Speaker C: Yeah, I think it's usually a mix of bad advice, like somebody will give them some cookie cutter or like fortune cookie advice rather of like I wish I had one year vesting, two year vesting instead of four year vesting or no cliff, like why would you do a cliff? But I think that like the more you keep that stuff vanilla and like that is truly not where you want to spend your time as a founder. Right? Like build your business, build the product, get customers. The legal stuff for 99.9% of founders is standard for a reason at this

Speaker A: point, to Yuri's point, there are plenty of resources for founders to set up the legal structures and compensation infrastructure for their early employees. And the clip you're going to hear next is somewhat of a cautionary tale from, from a founder that perhaps didn't outsource these tasks early enough. Isaiah Granite is the co founder and CEO of Bland and in this clip he shares some of the early mistakes he and his team made and his advice for founders who are trying to manage and prioritize. In the early days when you're building, trying to get investor interest and manage payroll while you don't have an HR team yet.
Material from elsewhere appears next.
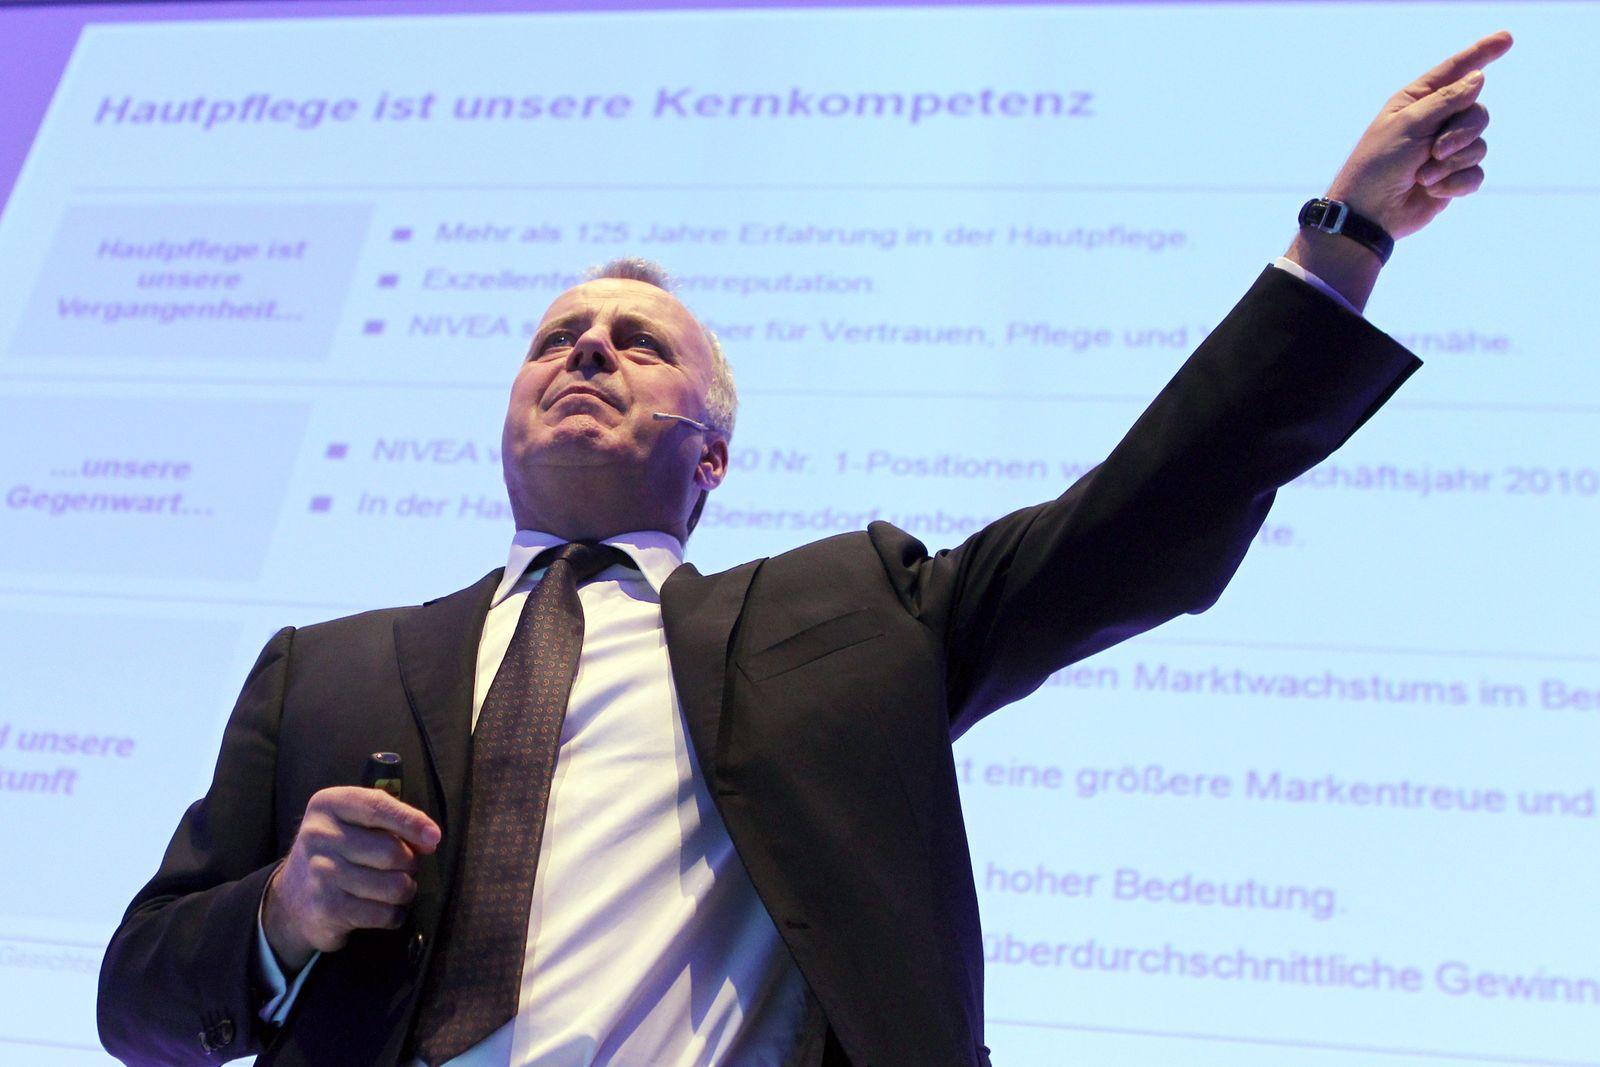 Thomas-B. Quaas / Beiersdorf

Speaker F: Something that is not talked about nearly enough is, is making sure that your employee equity grants are set up correctly. And this is something that you can't undo, especially if you're a really fast growth company. And one of the things that I recommend to every founder is take a couple of hours, sit down with a corporate lawyer, and make sure you have all of your ducks in a row. We had YC help us do a great job getting the starting point, but as you're growing, you don't think about options and strike prices and making sure that people are positioned for success. And ultimately, the frustrating thing is that if you're not thinking about this in the moment, you can accidentally cause your employees to miss out on benefits that you want them to get.

Speaker B: Did you feel this pain from your employees or is it just you realizing it later on, or, uh, realizing later

Speaker F: on that there was a lot of stuff that we could have done to potentially make sure that on tax implications and some of the other things that they were taken care of in a better way. I think it's the job of, um, any founder to take care of his early employees. I mean all employees for sure, but especially the people that are making the highest risk, reward, sacrifice. You should be doing everything you can early days to make sure you're looking out for them financially, emotionally. It is really your job to take care of the whole person. And a big philosophy we have at Bland is we don't say we're a family, we're, um, a team. But it's my job to look at everybody as family.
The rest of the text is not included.